Big data and new technologies to do survey research. These were in my view the two themes of the 2014 AAPOR conference. The conference organisation tried to push the theme ‘Measurement and the role of pubic opinion in a democracy’, but I don't think the theme was really reflected in the talks at the conference. Or perhaps I have missed those talks, the conference was huge as always (> 1000 participants).
The profession of survey research is surely changing. Mick Couper last year argued that the ‘sky wasn’t falling’ on survey research, but it is evolving. Big data may potentially replace parts of survey research, especially if we don't adapt to new technologies (mobile), and learn to use some of the data that are now found everywhere. Big data and survey research in fact have the same basic goal. To extract meaningful information out of datasets (big data) or people (survey research), and use that to inform policy making.

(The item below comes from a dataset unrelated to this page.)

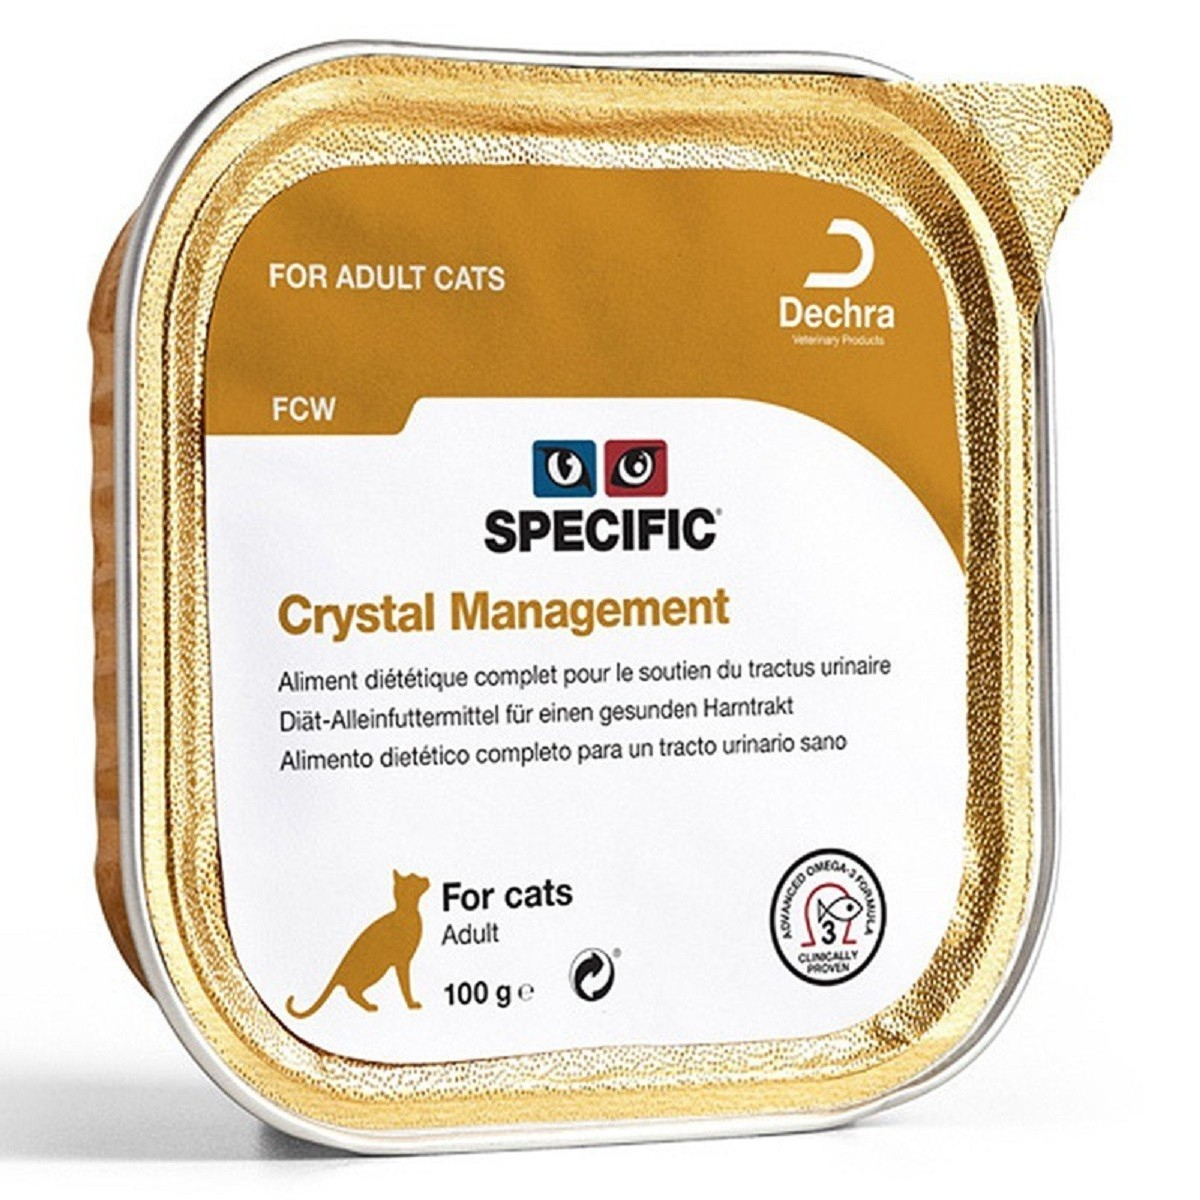 Confezione di 7 Patè SPECIFIC FCW Crystal Management 100g per Gatti Adulti

Big data can certainly be useful for policy-making. Out of the 10 or so presentations that I have seen at AAPOR, most were however just talking about potential possibilities over using big data to inform policy makers.
What was in my opinion missing at AAPOR were good case studies that showed how big data can replace survey research and provide valid inferences. I have seen many good earlier examples when it comes to predictions at the level of an individual using big data. When Amazon tries to recommend me books that relate to a book I have previously bought, I find these useful and accurate predictions of what I really like. In politics, voter registration records data can help politicians target likely voters for their party, as the 2012 Obama campaign showed.
But when it comes to aggregating big data to the level of the population, big data is often in trouble (the Obama election campaign is an outlier here, as they collect data on the whole population). Survey research has relied on the principle of random sampling from the population to draw inferences, but for big data, coverage and nonresponse errors are often unknown and unestimatible for the convenience samples that big data ususally are. Paul Biemer made this point in an excellent talk.
Most of the other big data presentations at AAPOR to me were either in the category ‘bar talk’ - anecdotes without a scientific empirical strategy - or just talked about the potential of big data. And don’t get me wrong: I do think that big data are very useful, especially if they cover a late proportion of the population (e.g. voter records), or if the goals is prediction at the level of an individual.
The other conference theme seemed to be mobile surveys. With Vera Toepoel, I gave a presentation on this topic, which may be the topic of a next blogpost. Here, I think survey researchers are much better equipped to deal with the challenge mobile devices pose. I saw many excellent presentations on questionnaire design for mobile surveys, and selection bias.
Finally, this is just my conference take-away. Some other bloggers (here here) seem to have a slightly different view on the conference. Probably this is due to the fact I have only seen 1 out of the 8 presentations given at any time. So be sure to check their posts out if you want to know more about the conference.